We assume that the SMART-seq2 data has been demultiplexed and aligned, so that we have one bam file per cell. The recommended processing step is then to use velocyto.py
command line tool to annotate spliced, unspliced and spanning reads in the measured cells:
velocyto run_smartseq2 -d 1 `find ./ data/e12.5.bams/ -name "*.bam" -print` mm10.genes.gtf
If you want to re-run this command, please download bam files (and genes.refFlat) from here, and extract it (tar xvf bams.tar
) in the working directory. note: the file is fairly large - 5.6 GB! Running this command will produce a velocyto directory with two files:
onefilepercell_A1_unique_and_others_J2CH1.loom
- a loom file containing spliced, unspliced and spanned matricesdump/onefilepercell_A1_unique_and_others_J2CH1.hdf5
- an HDF5 file containing detailed molecular mapping information which we will use to estimate parameters for the gene-structure based model. You don’t need this for regular velocity estimation, and in this case -d 1
option may be skipped when running velocyto.pynote: if you don’t want to re-run the command, you can download the velocyto.py output folder here
Load the velocyto package:
library(velocyto.R)
Load the data and genome annotations:
Read in count matrices from the loom file:
ldat <- read.loom.matrices("data/velocyto/onefilepercell_A1_unique_and_others_J2CH1.loom")
(instead, for the purposes of the example we’ll just read in the resulting structure from the rds file)
ldat <- readRDS(url("http://pklab.med.harvard.edu/velocyto/chromaffin/ldat.rds"))
str(ldat)
List of 4
$ spliced :Formal class 'dgCMatrix' [package "Matrix"] with 6 slots
.. ..@ i : int [1:2724270] 3 9 10 13 14 17 19 20 28 29 ...
.. ..@ p : int [1:385] 0 7100 14272 21376 28491 36017 43375 50956 57637 64998 ...
.. ..@ Dim : int [1:2] 23420 384
.. ..@ Dimnames:List of 2
.. .. ..$ : chr [1:23420] "Xkr4" "Rp1" "Sox17" "Mrpl15" ...
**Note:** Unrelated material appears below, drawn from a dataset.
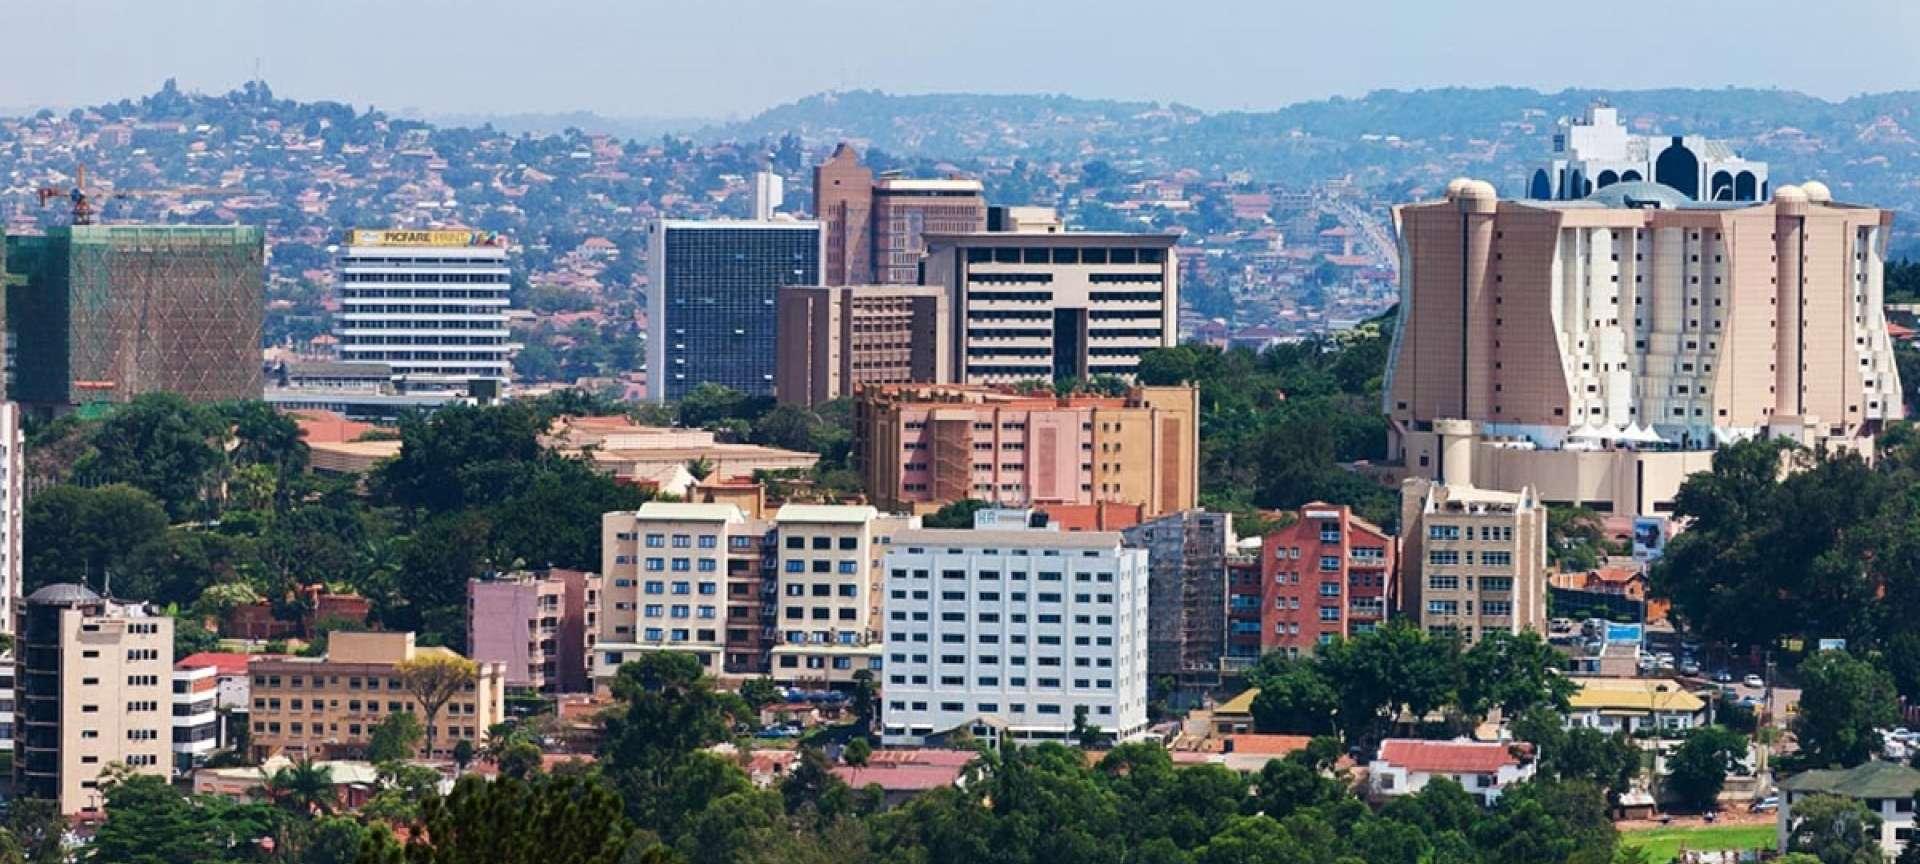 Uganda upgrades seven regions to cities with economic development in view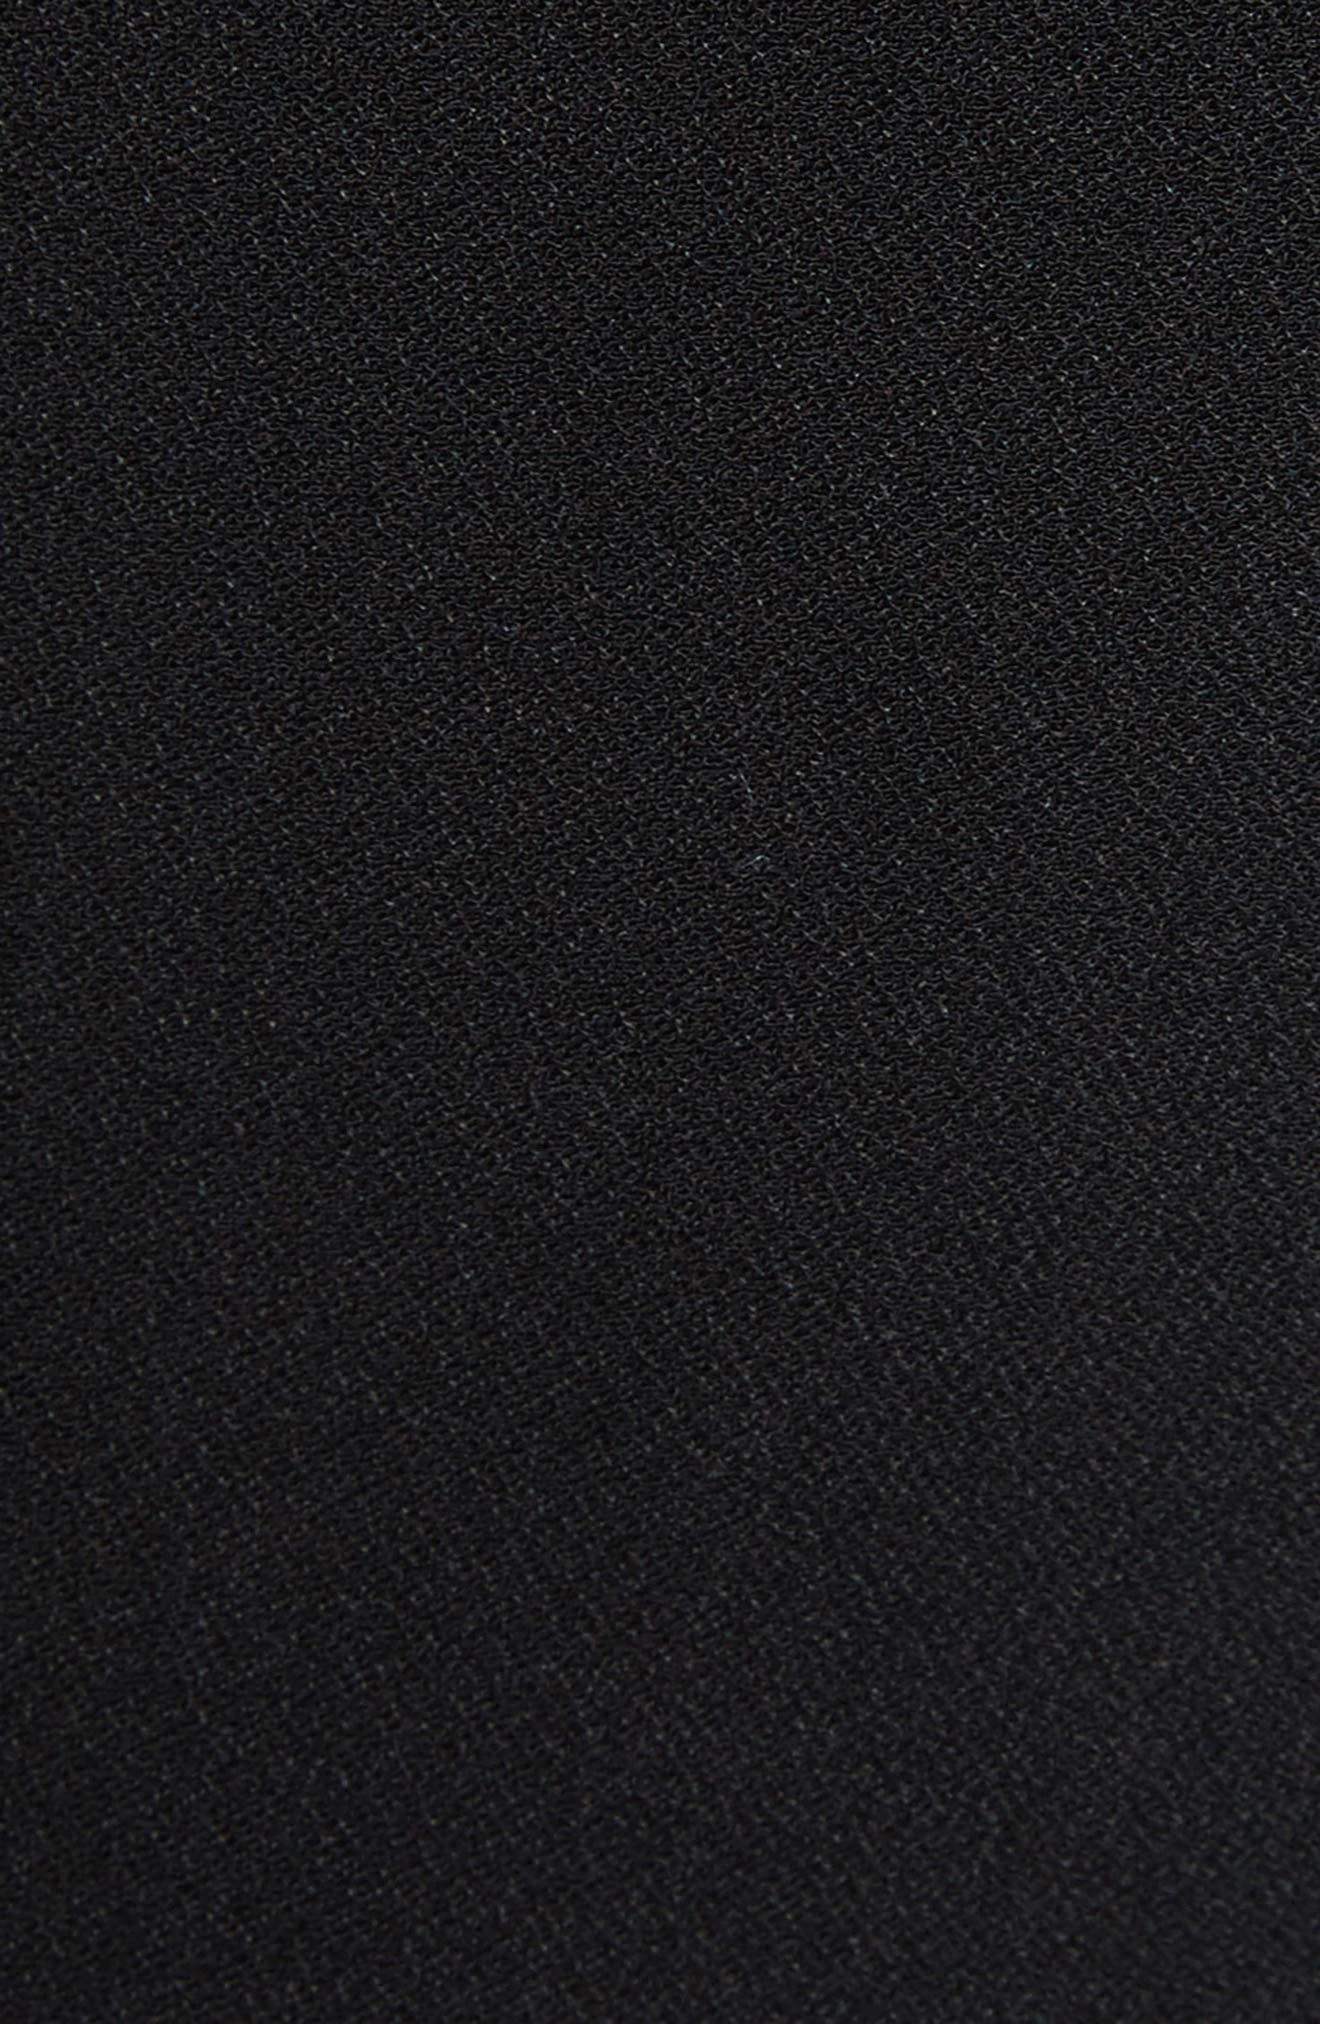 Pana One-Shoulder Peplum Sheath Dress,                             Alternate thumbnail 5, color,                             001

.. .. ..$ : chr [1:384] "onefilepercell_A1_unique_and_others_J2CH1:A1_unique.bam" "onefilepercell_A1_unique_and_others_J2CH1:A10_unique.bam" "onefilepercell_A1_unique_and_others_J2CH1:A11_unique.bam" "onefilepercell_A1_unique_and_others_J2CH1:A12_unique.bam" ...
.. ..@ x : num [1:2724270] 24 3 22 136 48 21 15 32 109 13 ...
.. ..@ factors : list()
$ unspliced:Formal class 'dgCMatrix' [package "Matrix"] with 6 slots
.. ..@ i : int [1:1528882] 0 4 10 13 14 17 19 20 23 29 ...
.. ..@ p : int [1:385] 0 3911 8043 12057 16176 20795 25046 29389 33438 37382 ...
.. ..@ Dim : int [1:2] 23420 384
.. ..@ Dimnames:List of 2
.. .. ..$ : chr [1:23420] "Xkr4" "Rp1" "Sox17" "Mrpl15" ...
.. .. ..$ : chr [1:384] "onefilepercell_A1_unique_and_others_J2CH1:A1_unique.bam" "onefilepercell_A1_unique_and_others_J2CH1:A10_unique.bam" "onefilepercell_A1_unique_and_others_J2CH1:A11_unique.bam" "onefilepercell_A1_unique_and_others_J2CH1:A12_unique.bam" ...
.. ..@ x : num [1:1528882] 5 23 4 6 8 2 70 14 1 15 ...
.. ..@ factors : list()
$ ambiguous:Formal class 'dgCMatrix' [package "Matrix"] with 6 slots
.. ..@ i : int [1:198206] 3 19 30 121 144 145 188 295 366 387 ...
.. ..@ p : int [1:385] 0 499 993 1562 2070 2639 3184 3785 4321 4821 ...
.. ..@ Dim : int [1:2] 23420 384
.. ..@ Dimnames:List of 2
.. .. ..$ : chr [1:23420] "Xkr4" "Rp1" "Sox17" "Mrpl15" ...
.. .. ..$ : chr [1:384] "onefilepercell_A1_unique_and_others_J2CH1:A1_unique.bam" "onefilepercell_A1_unique_and_others_J2CH1:A10_unique.bam" "onefilepercell_A1_unique_and_others_J2CH1:A11_unique.bam" "onefilepercell_A1_unique_and_others_J2CH1:A12_unique.bam" ...
.. ..@ x : num [1:198206] 17 1 14 24 9 1 5 23 1 2 ...
.. ..@ factors : list()
$ spanning :Formal class 'dgCMatrix' [package "Matrix"] with 6 slots
.. ..@ i : int [1:443099] 3 17 40 80 111 132 146 161 200 216 ...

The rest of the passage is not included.